Donald Trump's Trump coin windfall and the huge losses felt by investors were back in the spotlight this week, after biographer Michael Wolff argued on his podcast that the president's 'grift' is only set to get 'worse and worse and worse.'
Wolff made the comments on Inside Trump's Head in the wake of fresh financial disclosure and blockchain-linked reporting showing that roughly 900,000 buyers of the $TRUMP meme coin have lost billions, while Trump himself took in about $636 million (£474 million) from the token.
Trump Coin And The Money Trail
The news came after Trump's latest financial disclosure showed he earned at least $1.4 billion (£1.04 billion) from crypto-related ventures last year, with about $636 million tied to his meme coin business and roughly $594 million (£443 million) from World Liberty Financial, the family-linked crypto firm he co-founded.
According to reports the filing, released by the US Office of Government Ethics, also showed nearly $197 million (£147 million) from an equity sale tied to Stablecoin Holdco.

Wolff's gripe was not just that the numbers are ugly, though they are. It was the imbalance. On the podcast, he pointed to the scale of the losses and asked, in effect, how anyone could still enter a market so obviously stacked in Trump's favour.
'Of course, Donald Trump, the house, is going to win. Of course you're going to lose,' he said, framing the token as a rigged game from the start.
Trump's critics have long accused him of monetising grievance, branding and access, but the Trump coin saga gives that argument a very clean, very grubby number.

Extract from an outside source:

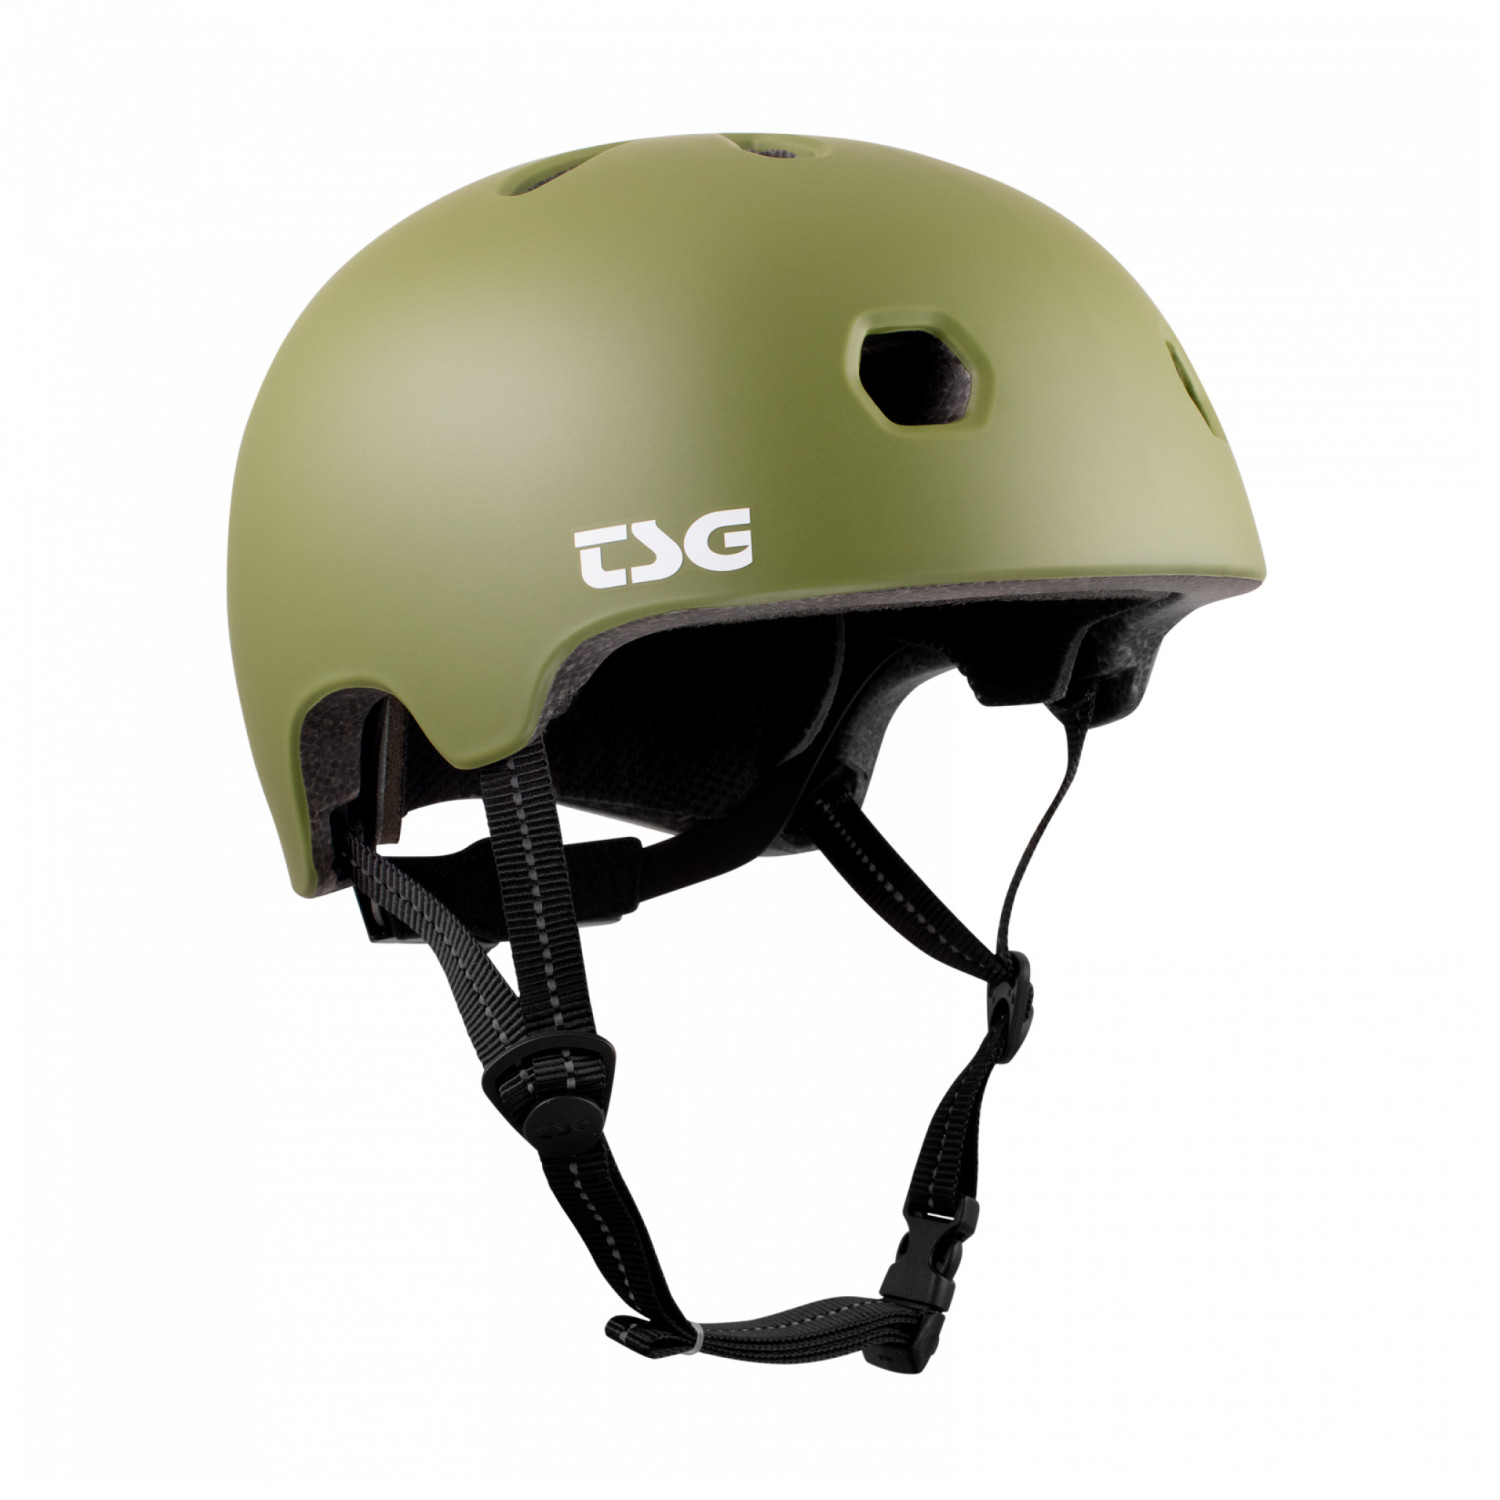 Велосипедный шлем Tsg Meta Solid Color, цвет Satin Olive

Around 900,000 investors, according to reporting linked to blockchain analysis, have collectively lost about $3.8 billion (£2.84 billion).
Biographer Michael Wolff's Warning
Michael Wolff is hardly a detached observer. He is a veteran Trump biographer whose books and commentary have tracked the former reality TV star's political rise, private habits and public chaos for years. In the latest podcast episode, he suggested the wider public still has not fully absorbed what he sees as a decade-long pattern of profit-seeking wrapped in political theatre.
His line about the country failing to pay enough 'moral attention' landed because it was less a policy critique than a cultural one.
Wolff's argument is basically that Trump has been allowed to keep pushing the same buttons, chasing the same money, because outrage burns out fast and accountability, when it arrives at all, comes late. That is hardly a wild theory, but in Trump's case it has the smell of a familiar, ugly truth.
Joanna Coles, Wolff's co-host, tried to test the psychology of the people buying in. Were they blaming themselves for getting in late? Were they treating the coin like a gamble that might bounce back? That exchange matters because it captures the odd emotional economy of Trump-linked crypto. It is not always pure faith. Sometimes it is denial, sunk cost, or the mad hope that the thing will somehow recover tomorrow.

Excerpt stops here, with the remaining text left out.